What this task involves>
Write out each line below precisely, passing over the pictures.

--- Input data ---

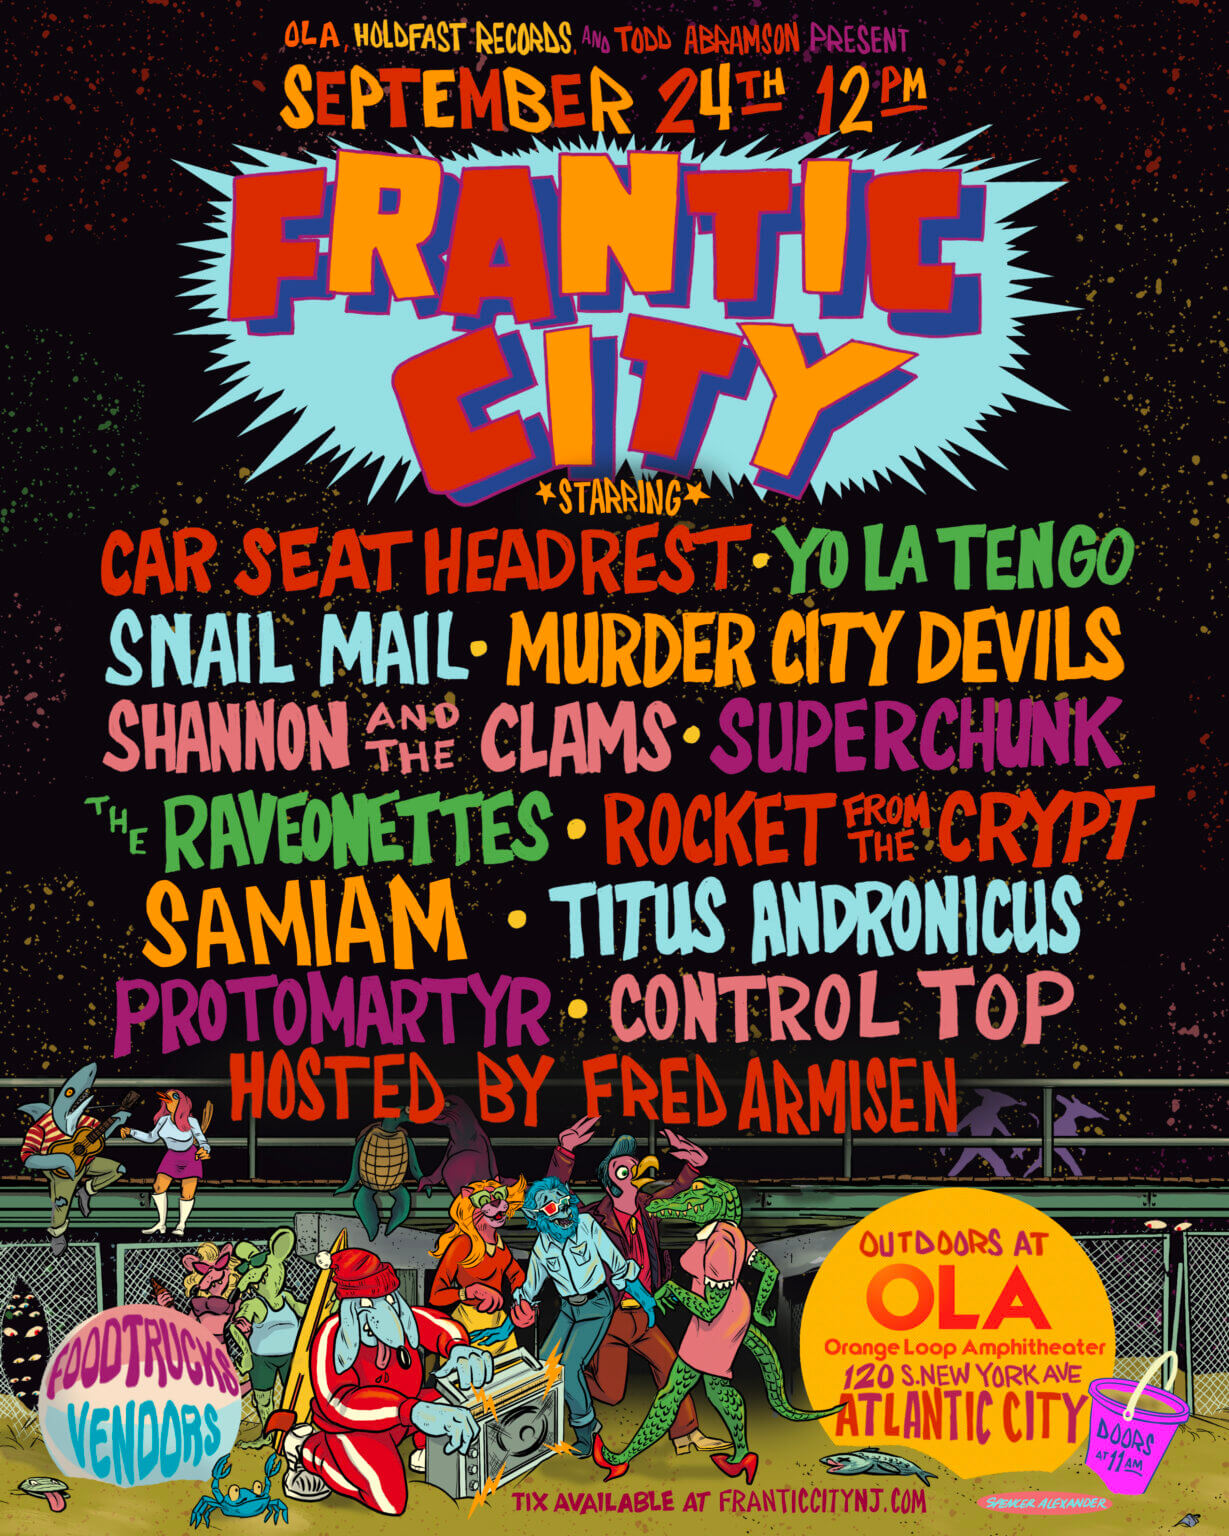 Frantic City 2022 Reveals inaugural Line-Up. The festival includes sets by Car Seat Headrest, Yo La Tengo, Snail Mail, Superchunk and more
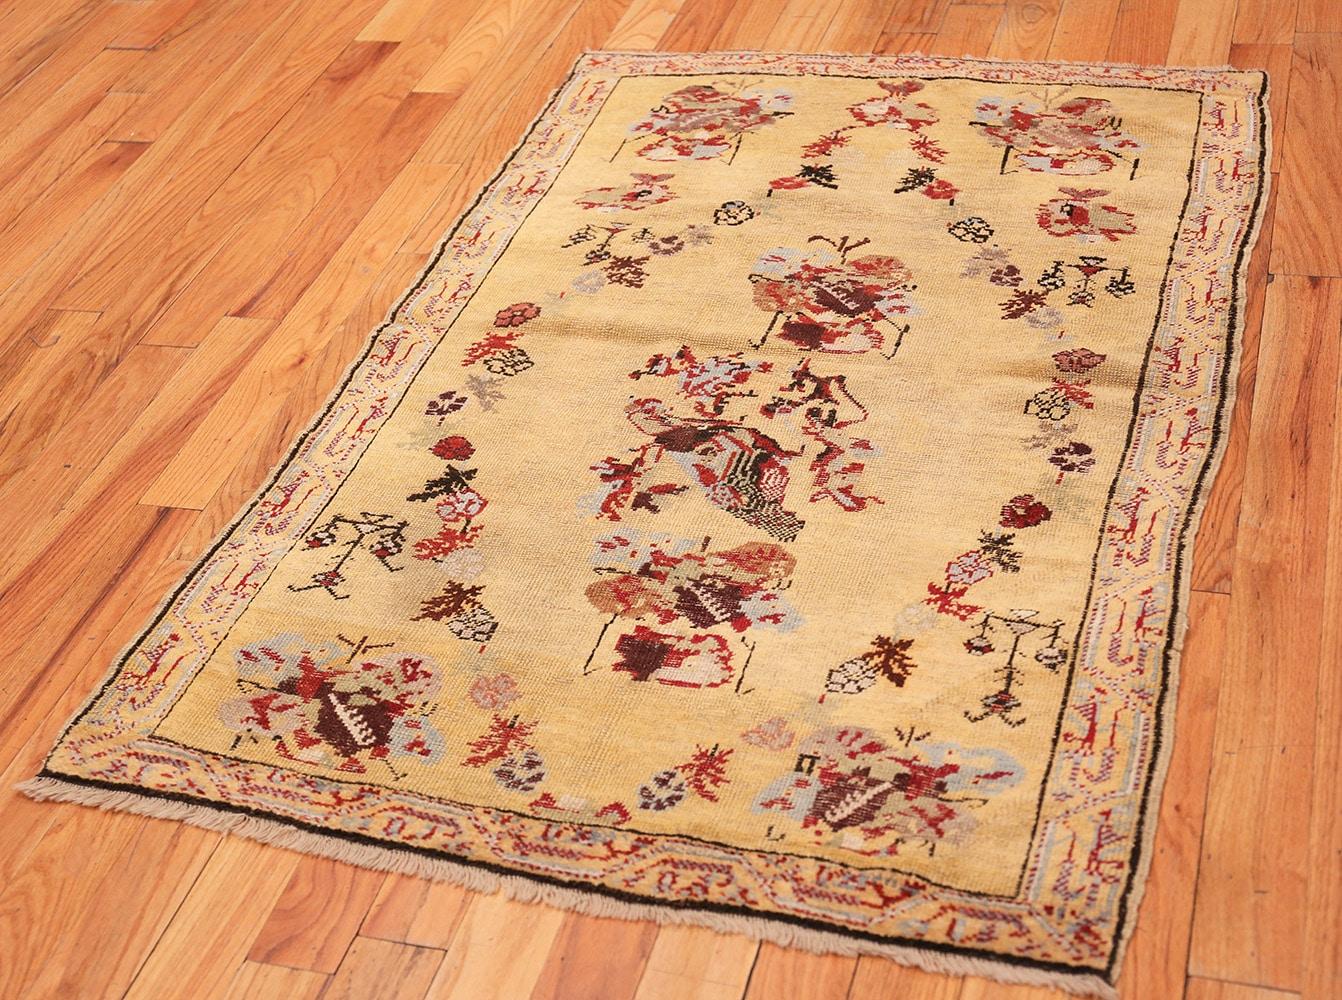 Small scatter size antique Turkish Ghiordes rug, country of origin: Turkey, date circa 1900. Size: 3 ft. 4 in x 5 ft. (1.02 m x 1.52 m)

This antique Oriental rug, is a happy and charming Turkish Ghiordes rug. This small size scatter rug is
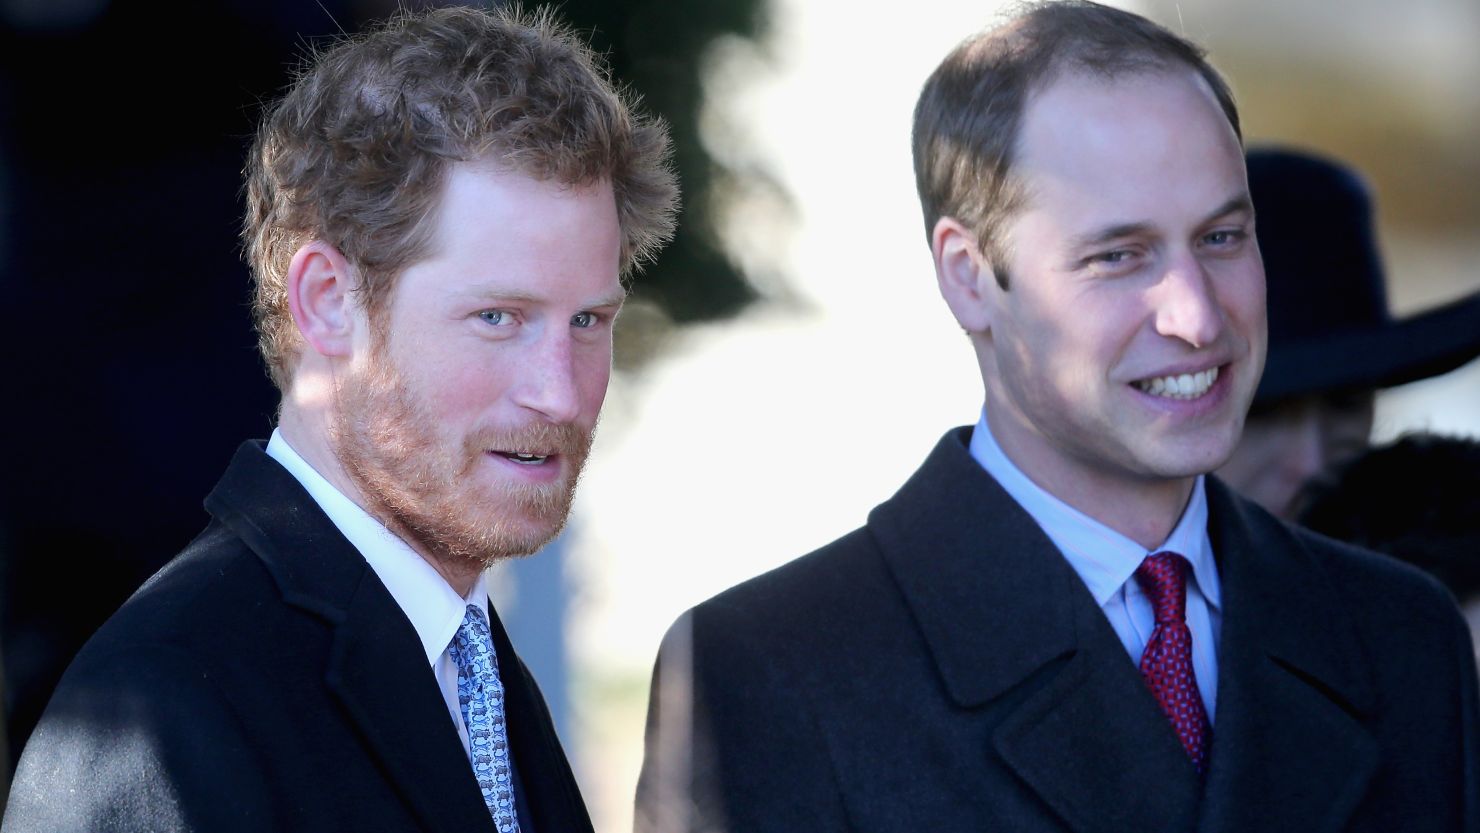 Prince Harry, left, and Prince William leave the Christmas Day service at Sandringham on December 25 in King's Lynn.
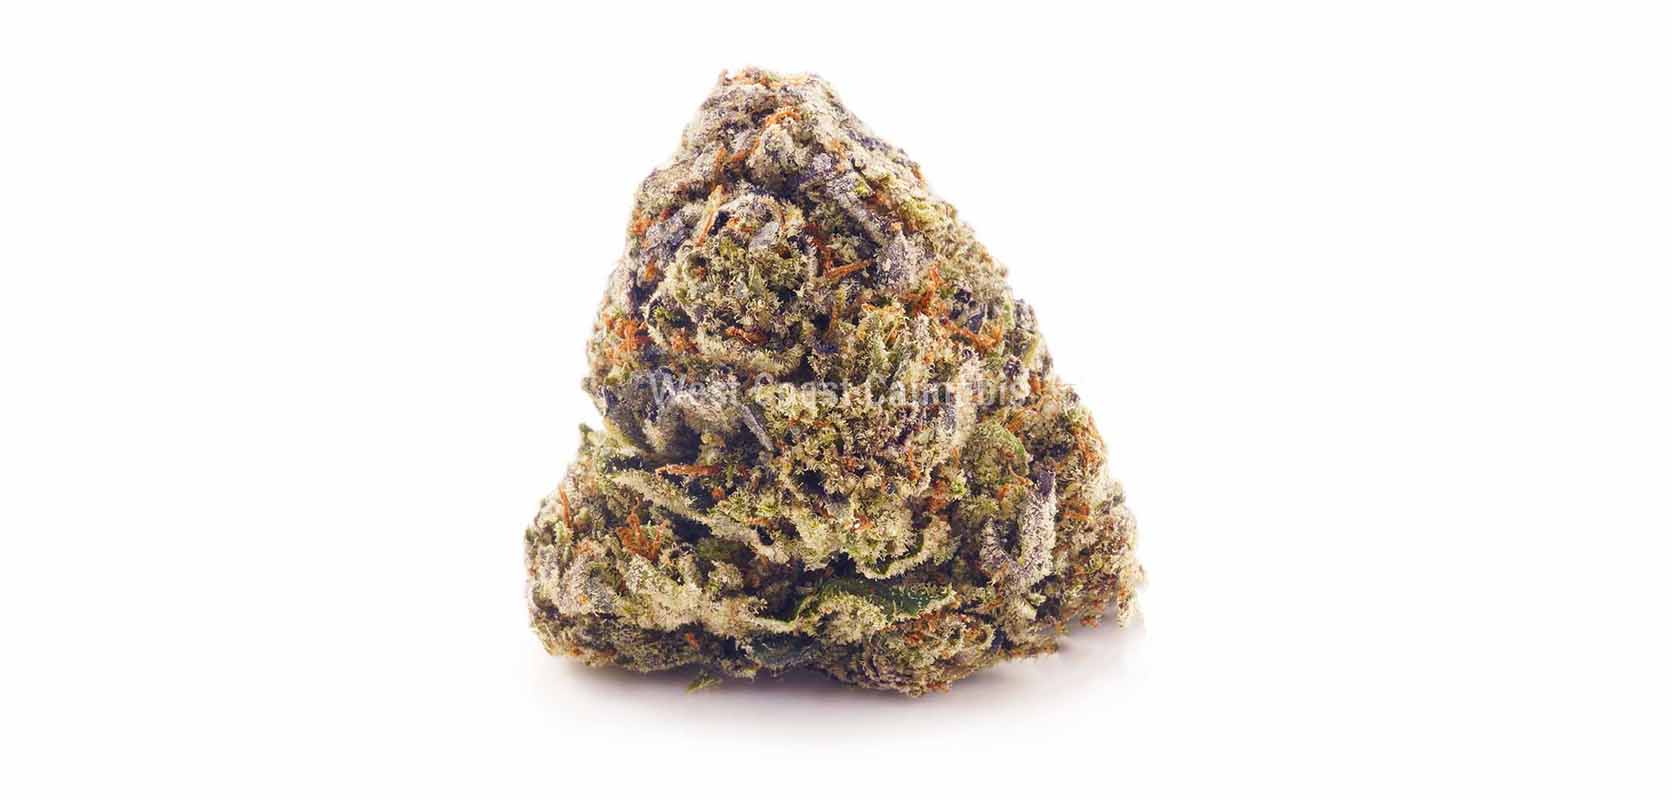 cheap canna budget buds from an online dispensary in Toronto for mail order marijuana, value buds, gummys, and THC edibles.

---

Solution for this task>
 Frantic City 2022 Reveals inaugural Line-Up. The festival includes sets by Car Seat Headrest, Yo La Tengo, Snail Mail, Superchunk and more
 Small scatter size antique Turkish Ghiordes rug, country of origin: Turkey, date circa 1900. Size: 3 ft. 4 in x 5 ft. (1.02 m x 1.52 m)

This antique Oriental rug, is a happy and charming Turkish Ghiordes rug. This small size scatter rug is
 Prince Harry, left, and Prince William leave the Christmas Day service at Sandringham on December 25 in King's Lynn.
 cheap canna budget buds from an online dispensary in Toronto for mail order marijuana, value buds, gummys, and THC edibles.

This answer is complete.